The Company’s sponsor is Tekkorp JEMB LLC, a Cayman Islands limited liability company. The Sponsor currently owns 4,750,000 Class B Ordinary Shares. Matthew Davey, an Australian citizen, and Morris Bailey, a U.S. citizen, may be deemed to beneficially own shares held by our Sponsor by virtue of their shared control over our Sponsor. Additionally, our President, Robin Chhabra, a U.K. citizen, currently owns 700,000 Class B Ordinary Shares.

Subject to the other parties involved in an initial business combination, the Company does not believe that any of the above facts or relationships regarding the Sponsor would, by themselves, subject an initial business combination to regulatory review, including review by the Committee on Foreign Investment in the United States (“CFIUS”), nor does the Company believe that if such a review were conceivable that, based solely on such facts or relationships, such initial business combination ultimately would be prohibited.

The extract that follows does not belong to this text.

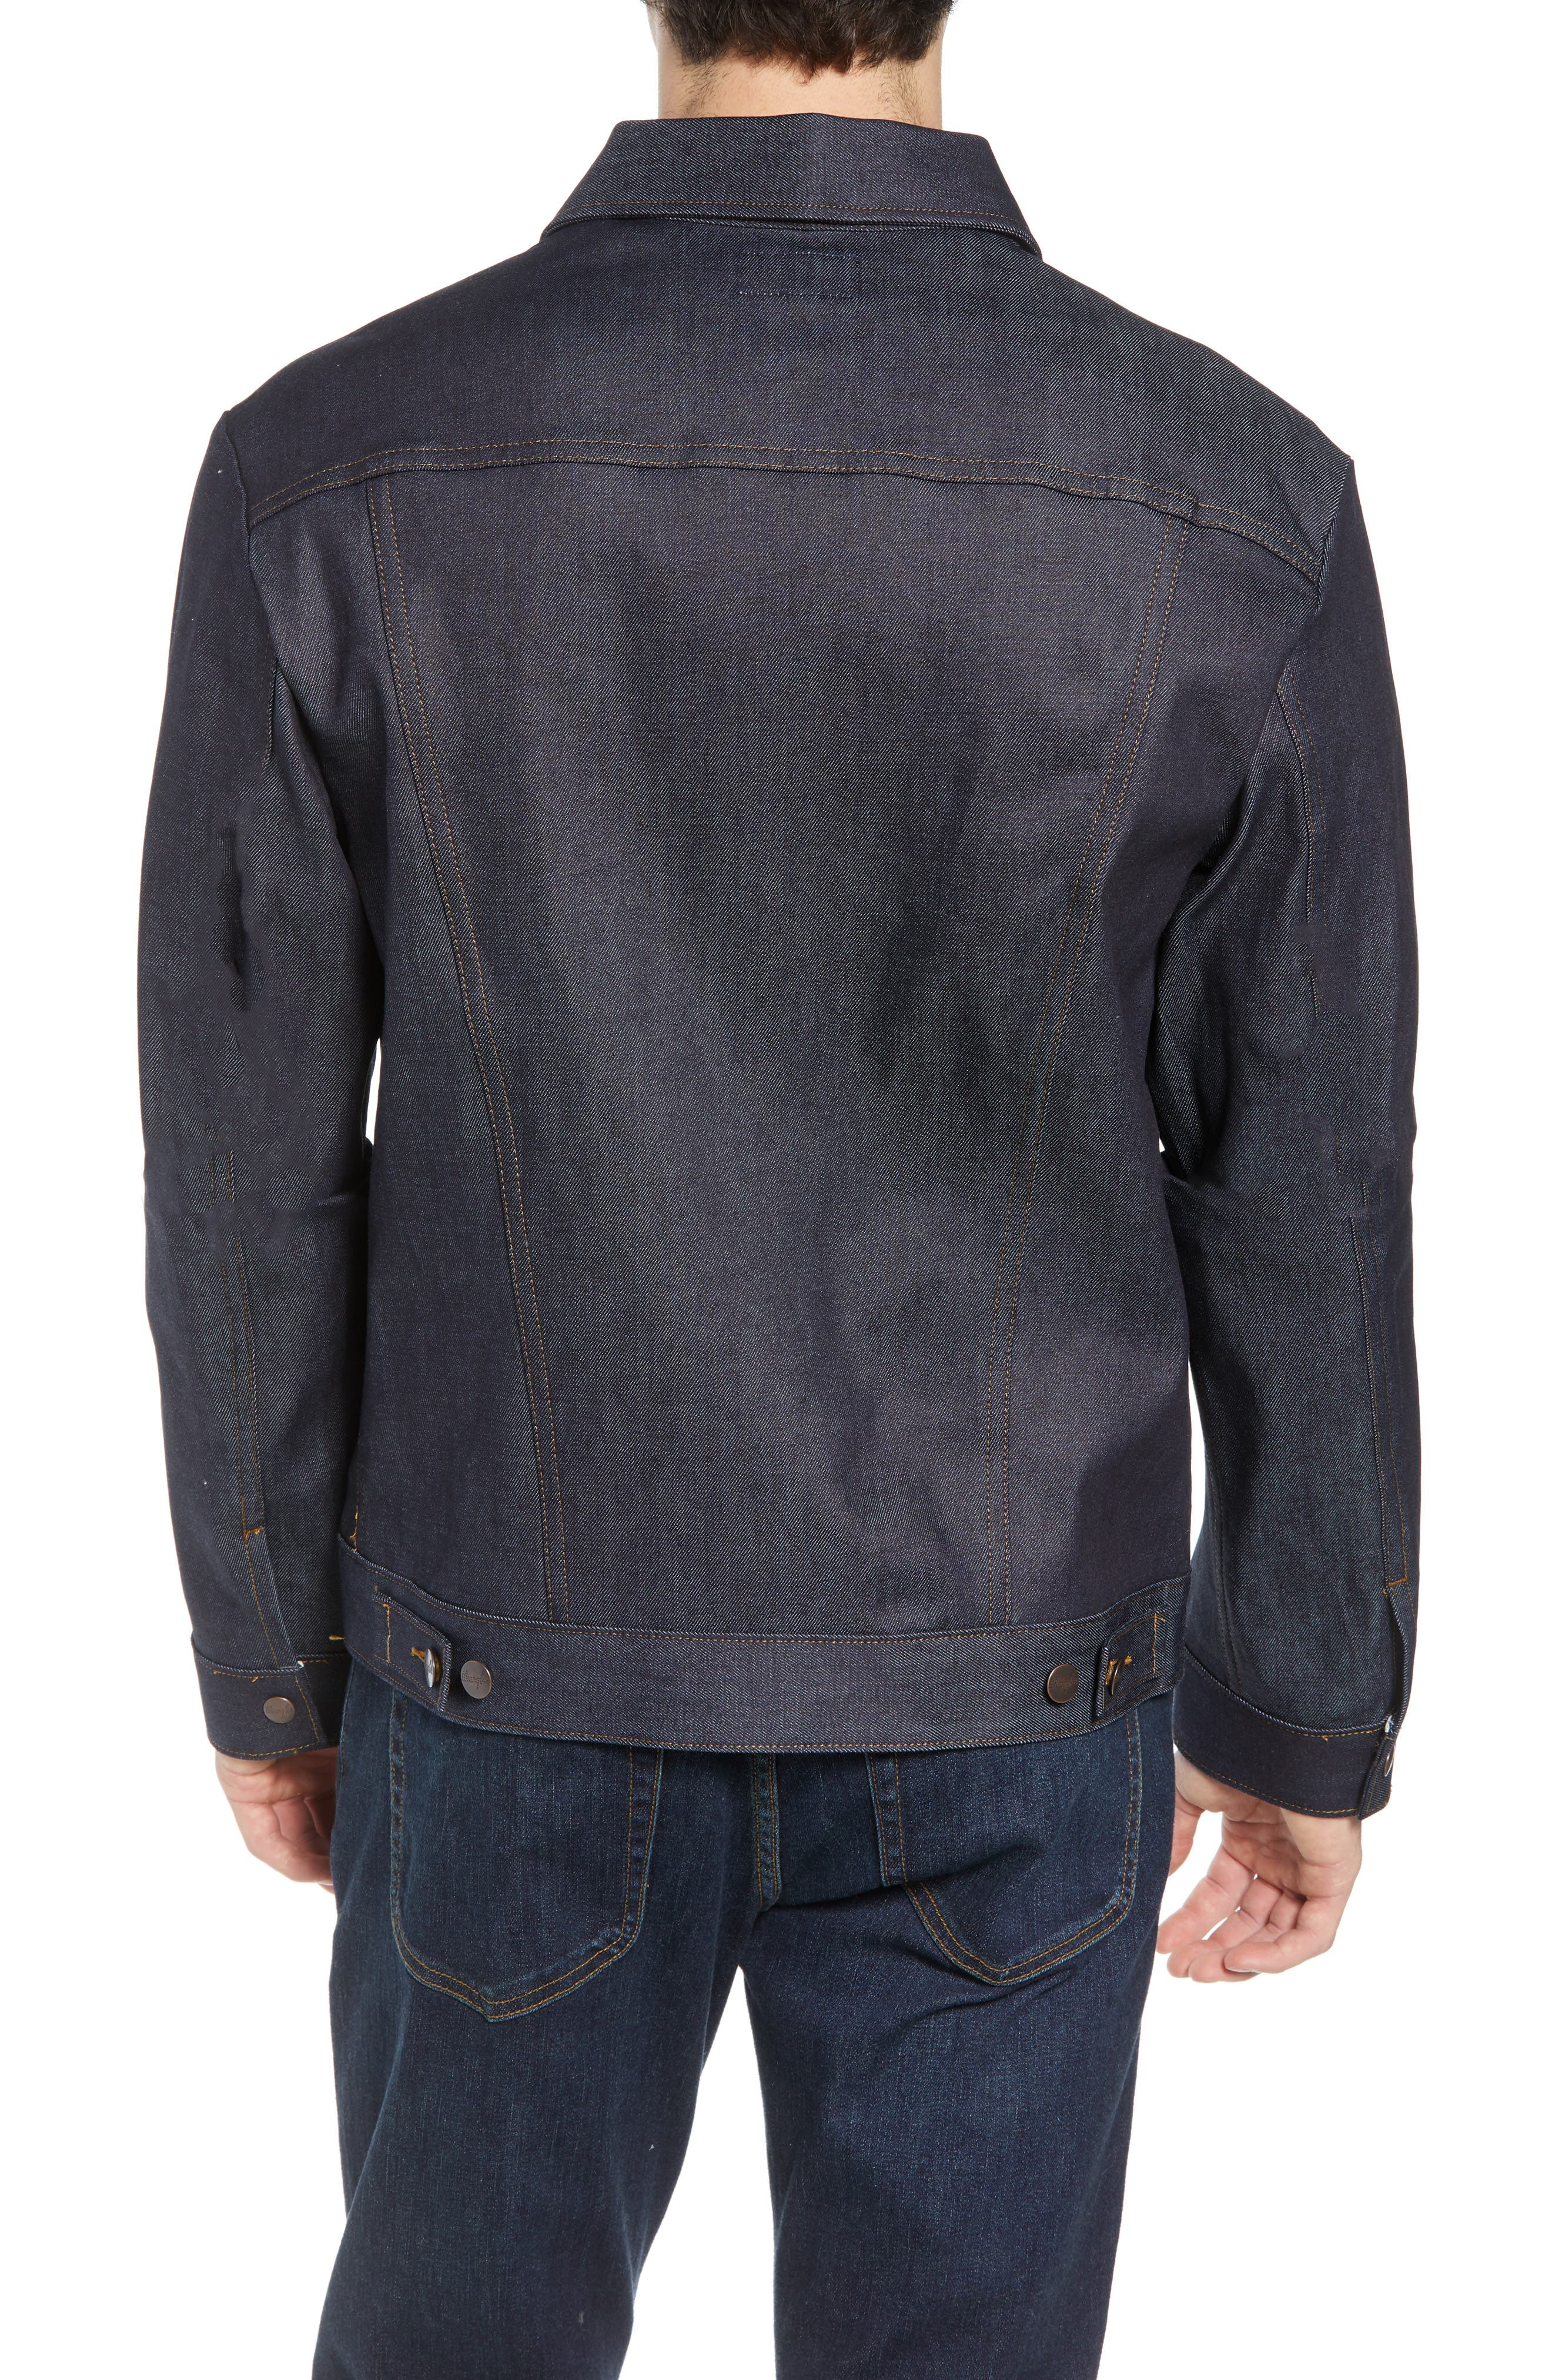 Heritage Denim Jacket,                             Alternate thumbnail 2, color,                             SELEVDGE RAW

However, if an initial business combination were to become subject to regulatory review and approval requirements, including pursuant to foreign investment regulations and review by governmental entities such as CFIUS, such initial business combination may be delayed or ultimately prohibited. For more information, see the section entitled “Risk Factor — Our initial business combination may be delayed or ultimately prohibited since such initial business combination may be subject to regulatory review and approval requirements, including pursuant to foreign investment regulations and review by governmental entities such as CFIUS.”

Recommendation

As discussed above, after careful consideration of all relevant factors, the Board has determined that the Extension Proposal is in the best interests of the Company and its shareholders. The Board has approved and declared advisable the adoption of the Extension Proposal.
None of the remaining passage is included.